-- WORK REQUEST --
Say how many lines of the listing below hold the string "fawnar", and say nothing else.

-- RECORDED DATA --
======

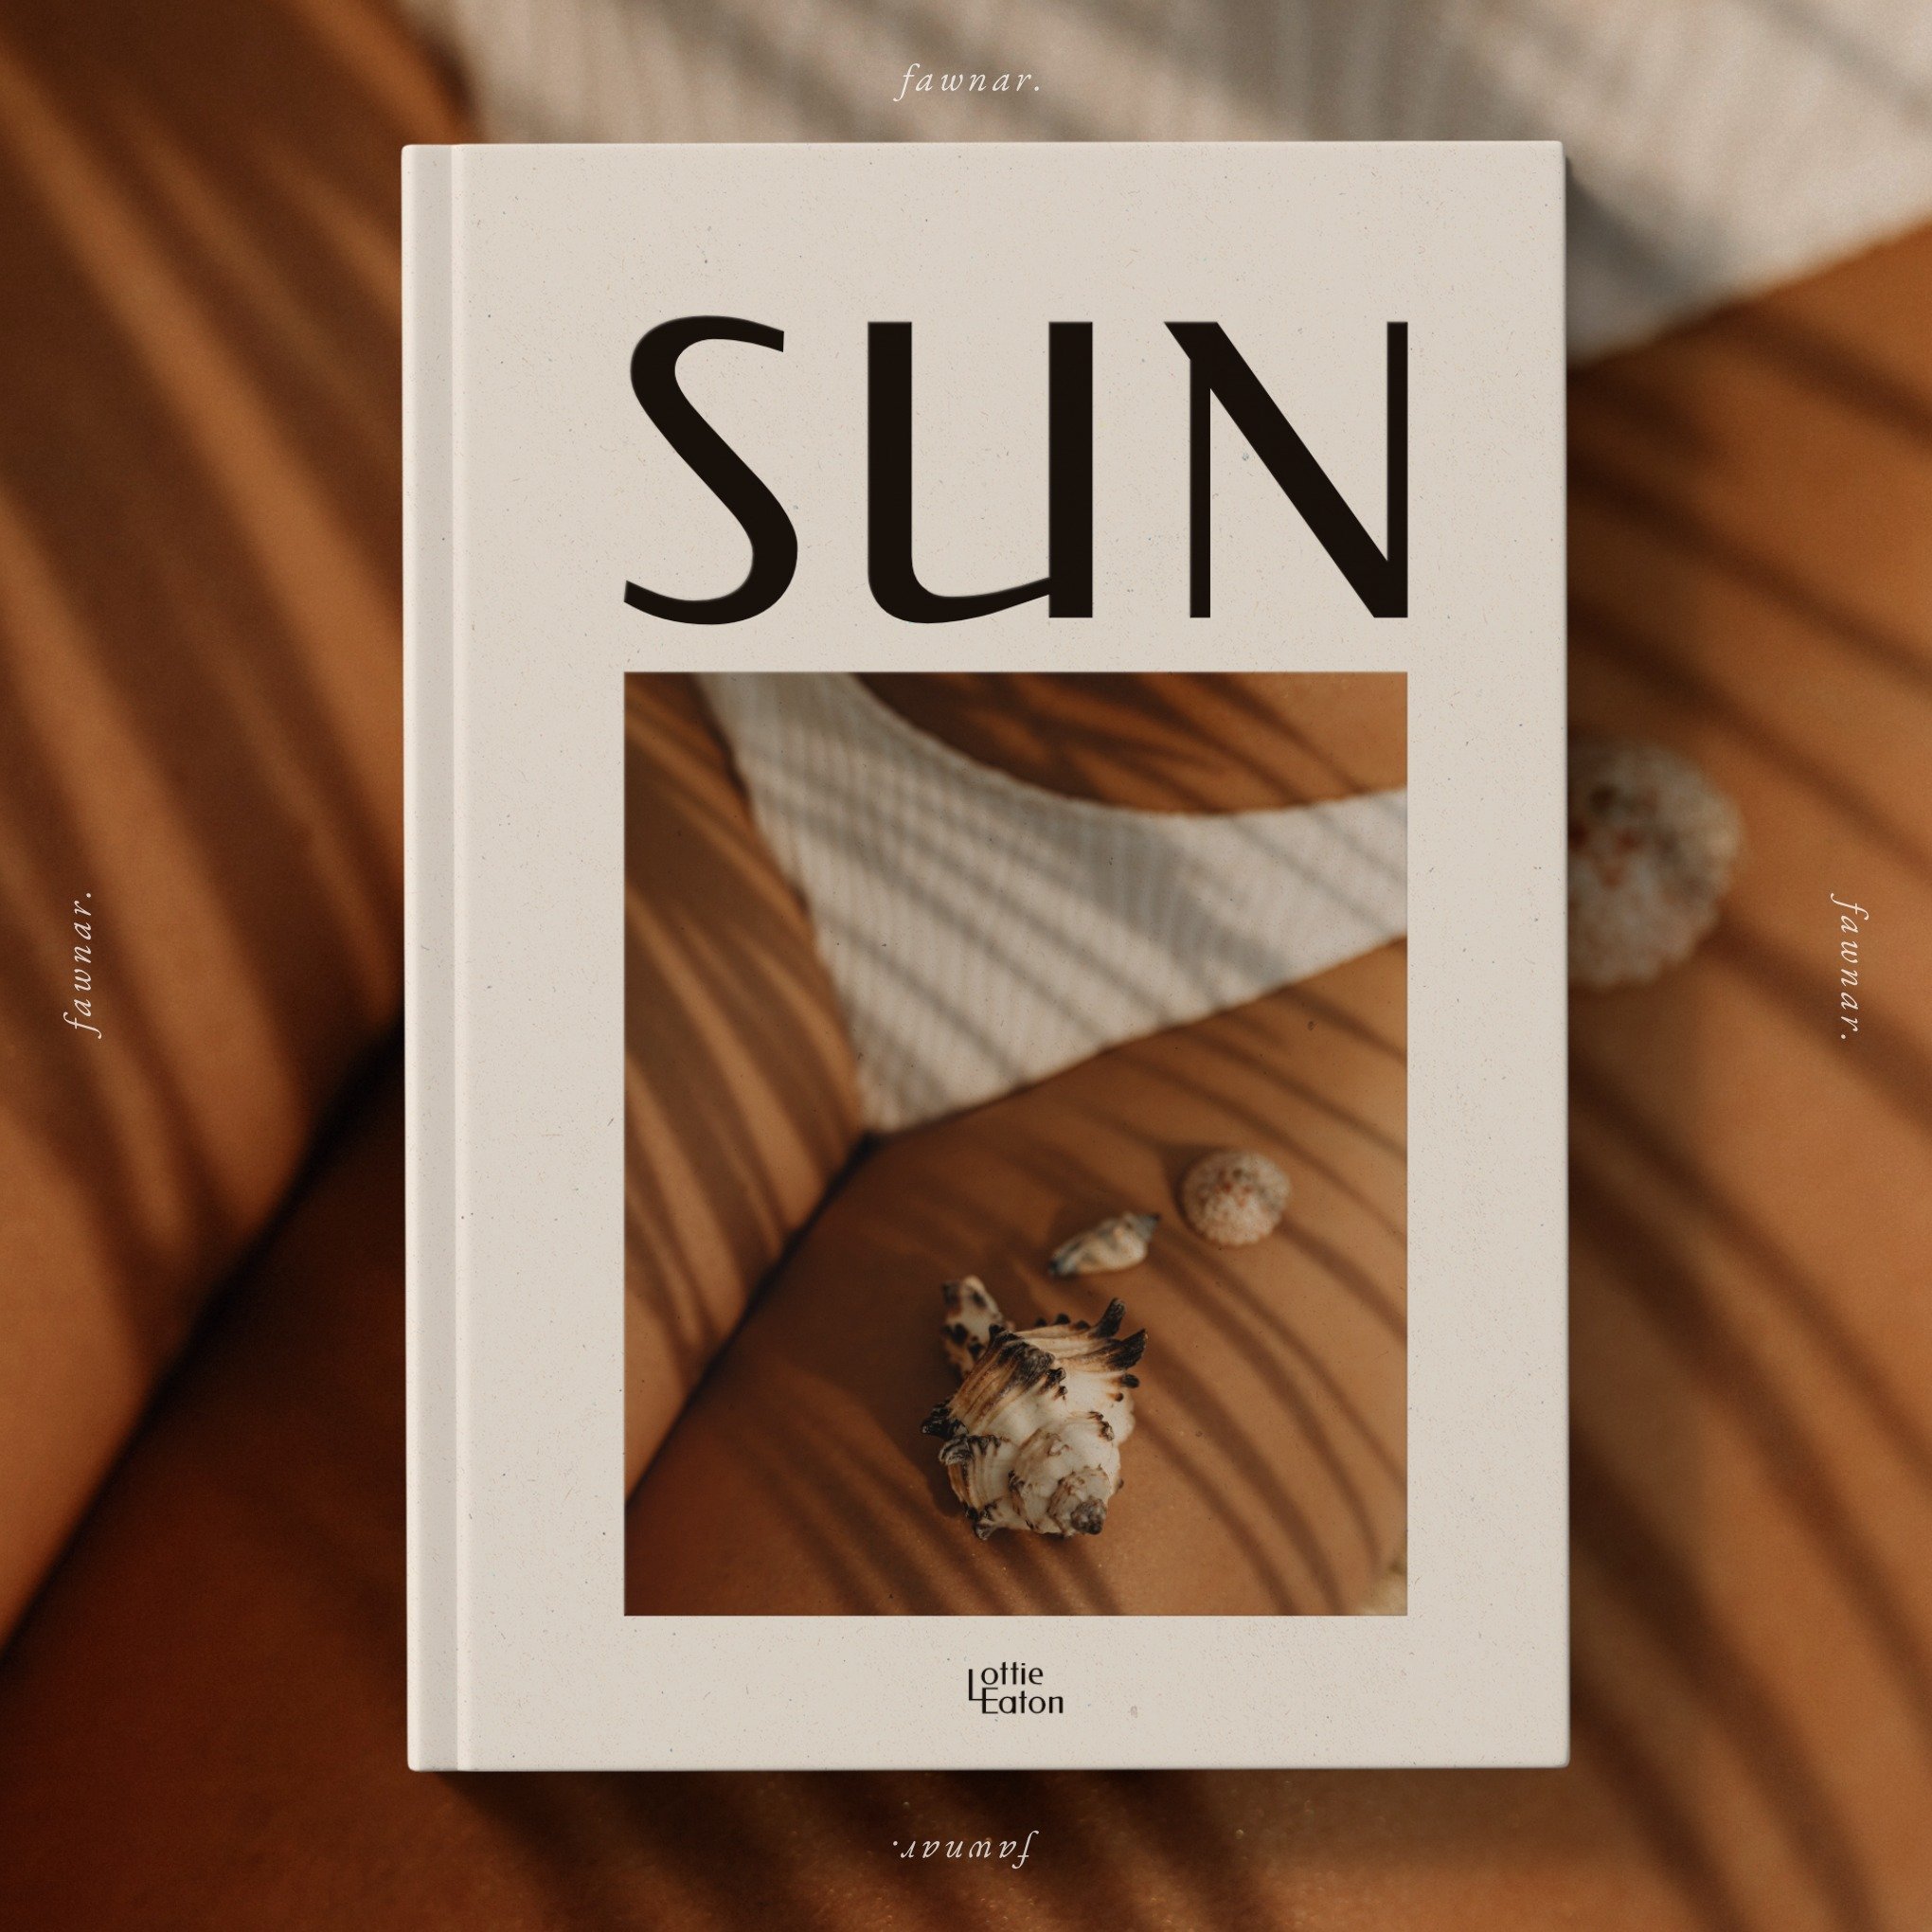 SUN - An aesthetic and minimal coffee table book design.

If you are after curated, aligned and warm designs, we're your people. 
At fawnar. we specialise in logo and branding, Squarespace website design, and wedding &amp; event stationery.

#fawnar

======

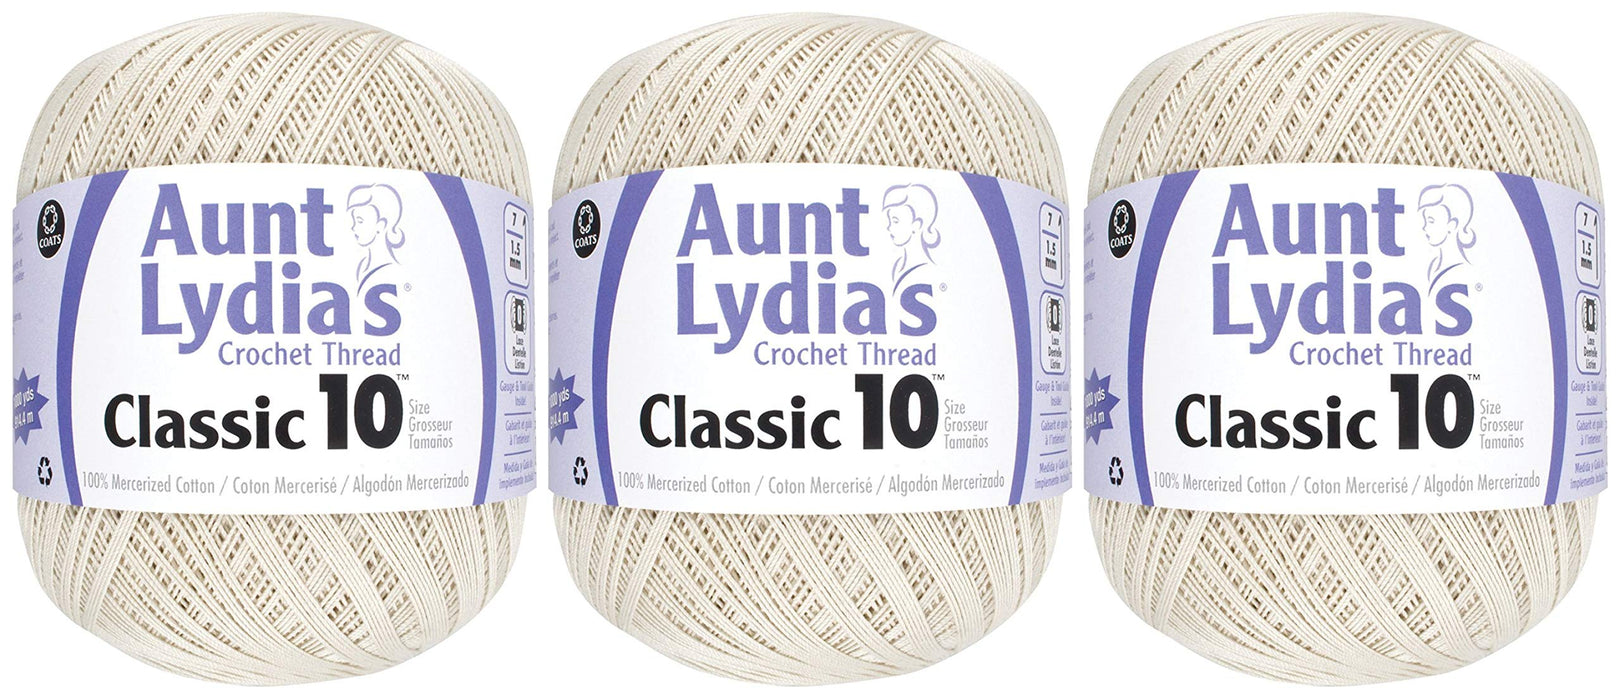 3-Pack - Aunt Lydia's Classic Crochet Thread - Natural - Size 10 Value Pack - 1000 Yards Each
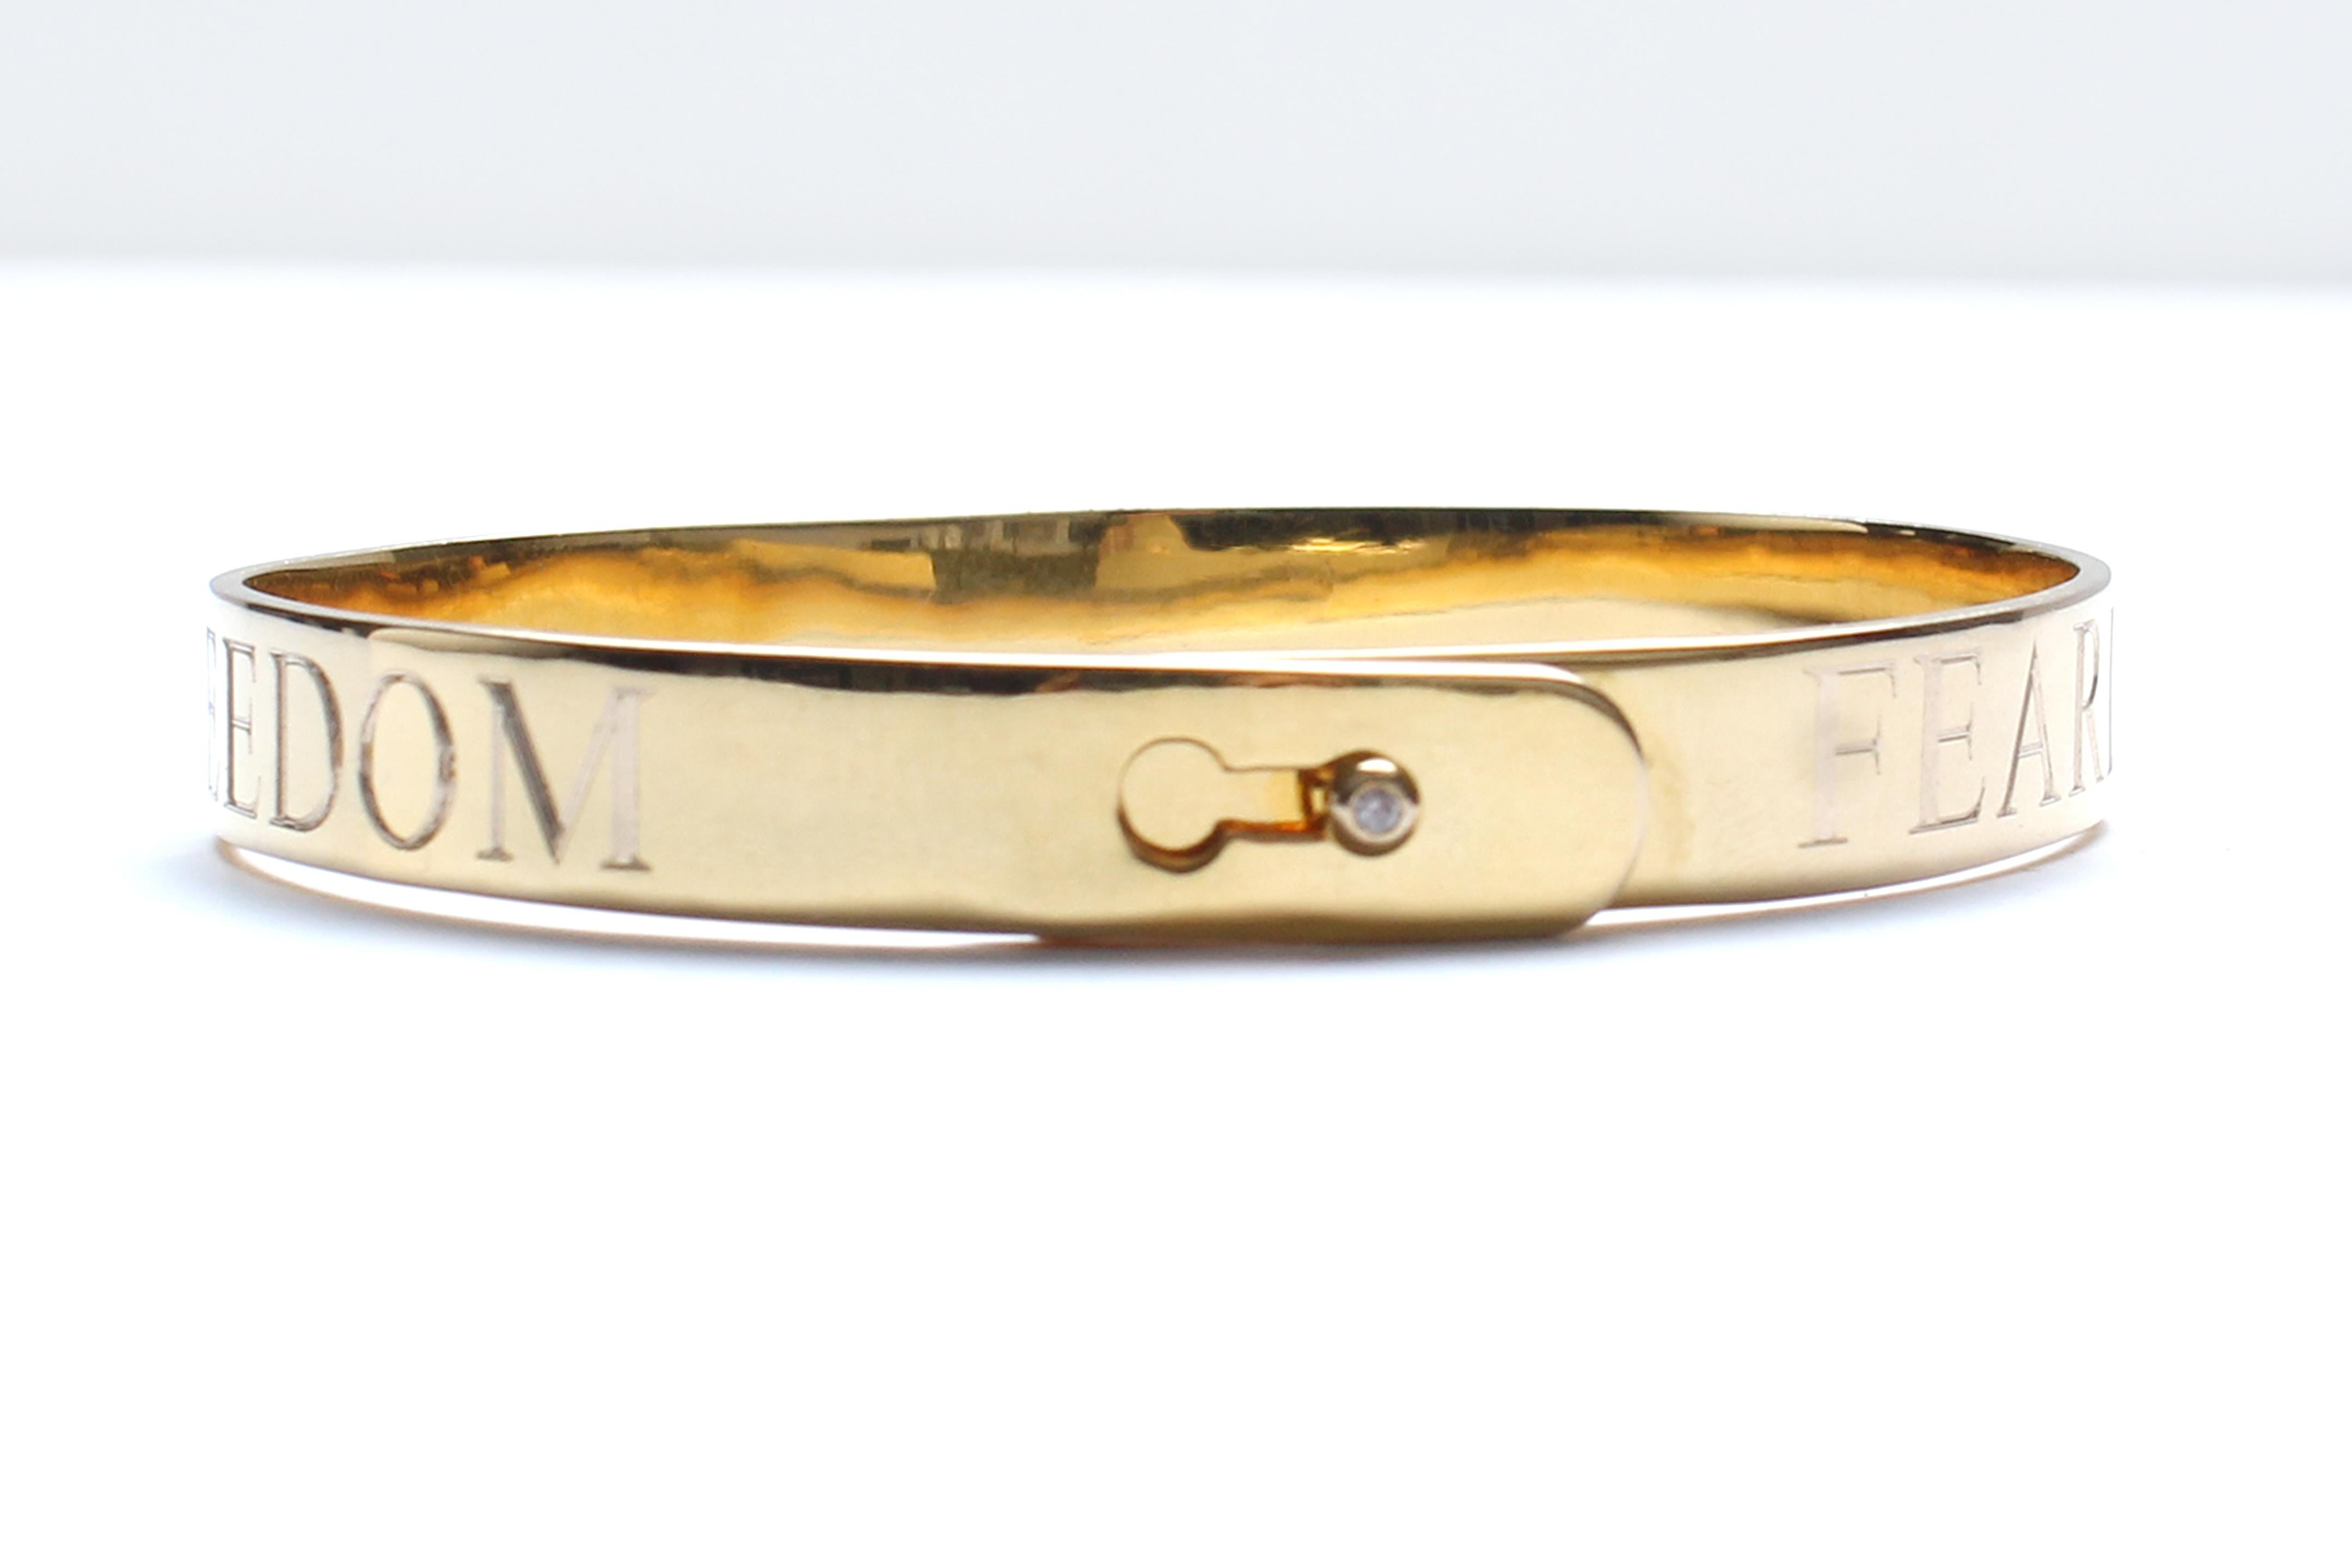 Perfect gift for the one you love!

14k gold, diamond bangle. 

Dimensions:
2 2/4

======

-- TASK RESULT --
2